Anyway, I'll give a different point of view... I've been using TiVo's since Series 2 and I've always put my TiVo boxes into standby when I turn off the TV. I've never experienced any problems doing this.

My reasoning has always been that a TiVo in standby (unlike a TiVo left on) doesn't record the 30 minute Live TV buffer per channel. That in turn lowers the wear and tear on the HDD (if the TiVo isn't otherwise recording something such as a suggestion, season pass (one pass), etc.) It also lowers power usage by the device slightly for both the HDD and any video decoding hardware.

Does it really make much difference? No idea. The difference is probably a lot less these days compared to when the TiVo had to compress and decompress analog signals.

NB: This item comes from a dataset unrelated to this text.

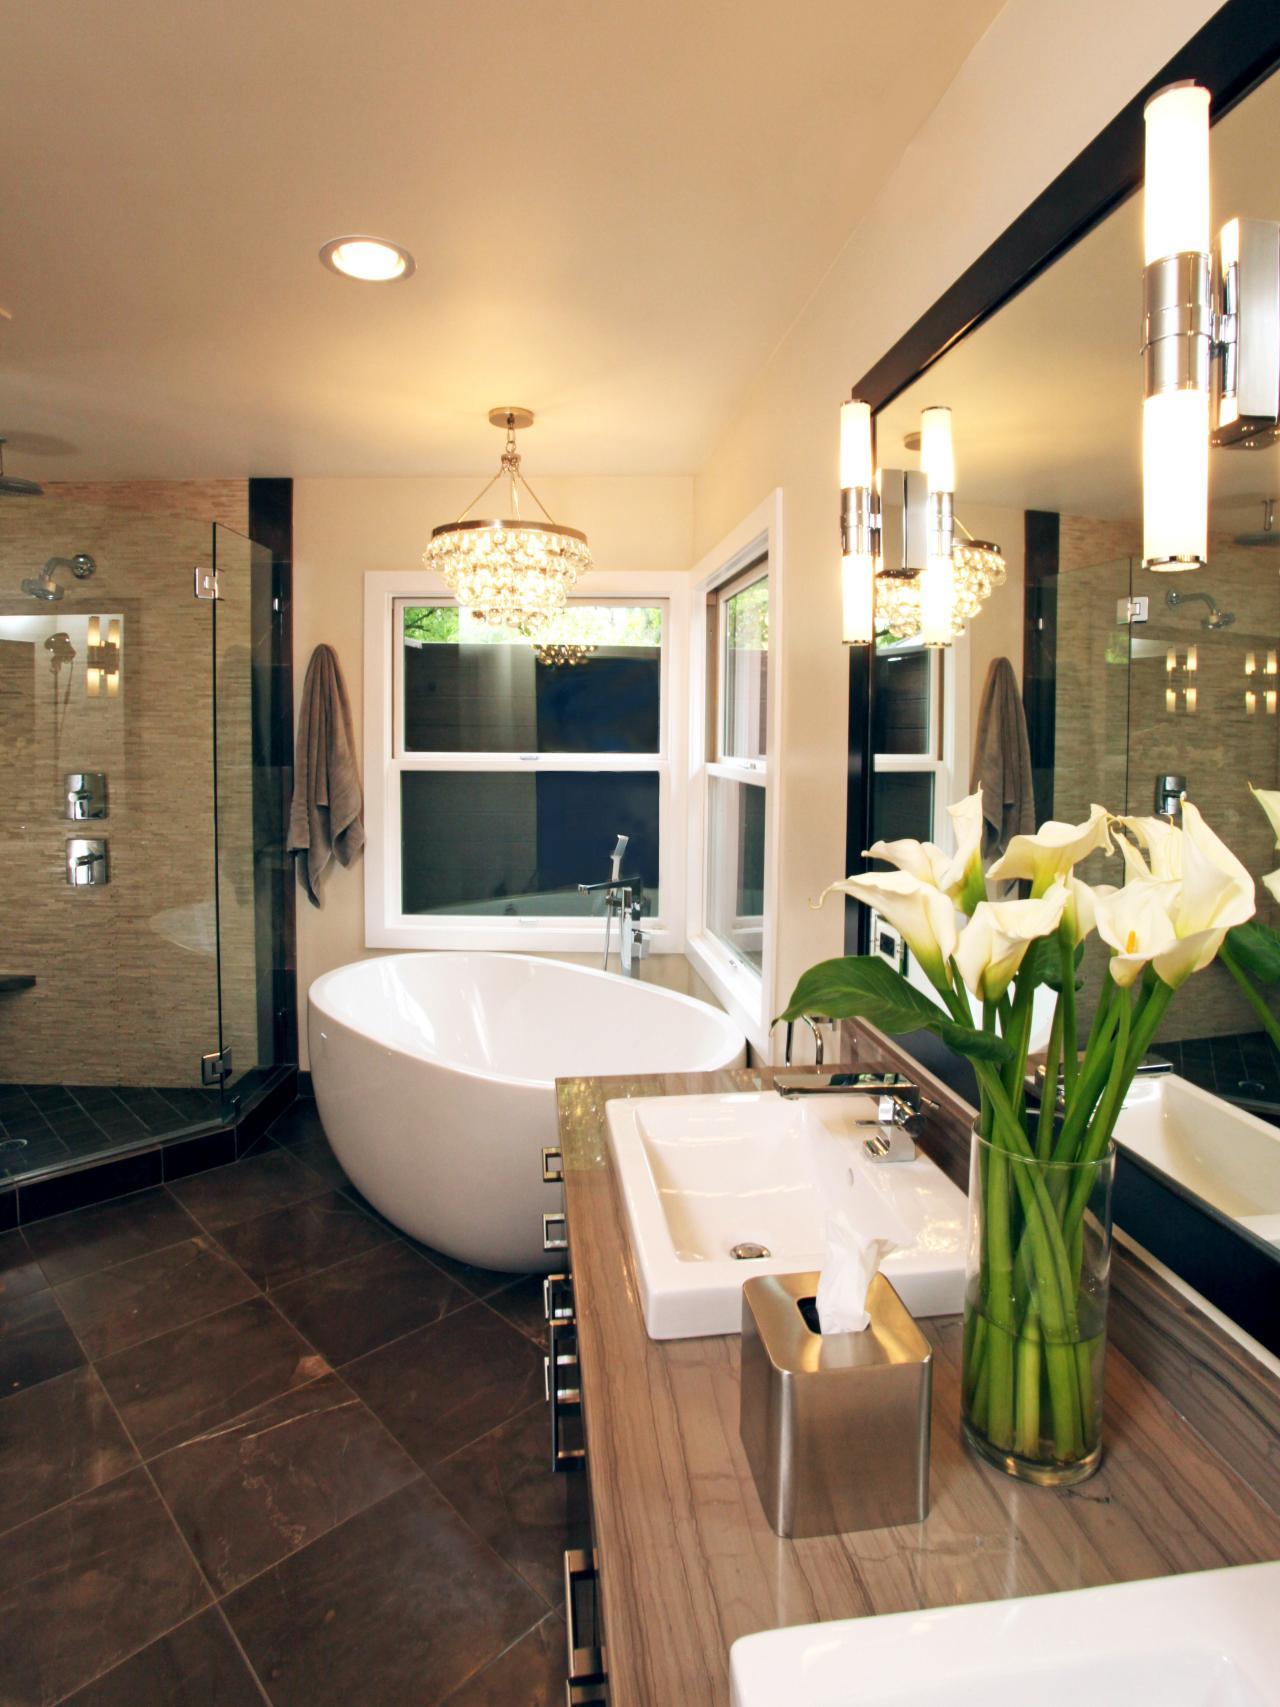 20 Luxurious Bathrooms with Elegant Chandelier Lighting on Bathroom Apartment Ideas  id=53400

As long as there's never been any harm in putting it in standby, however, it always seemed reckless to increase wear/tear and use more electricity when I don't need to.


----------



## Randy No Arms (May 18, 2018)

Thanks for the replies!

I did do a search for "standby" but the top of the posts in BOLT were about how to "use" it rather than opinion.

In all honesty, I was leaning towards using standby because of HDD and fan noise. Not to say the BOLT is loud but it is very noticeable when everything else on the wall is off and trying to sleep. Standby seems to help with that unless something is actively being recorded.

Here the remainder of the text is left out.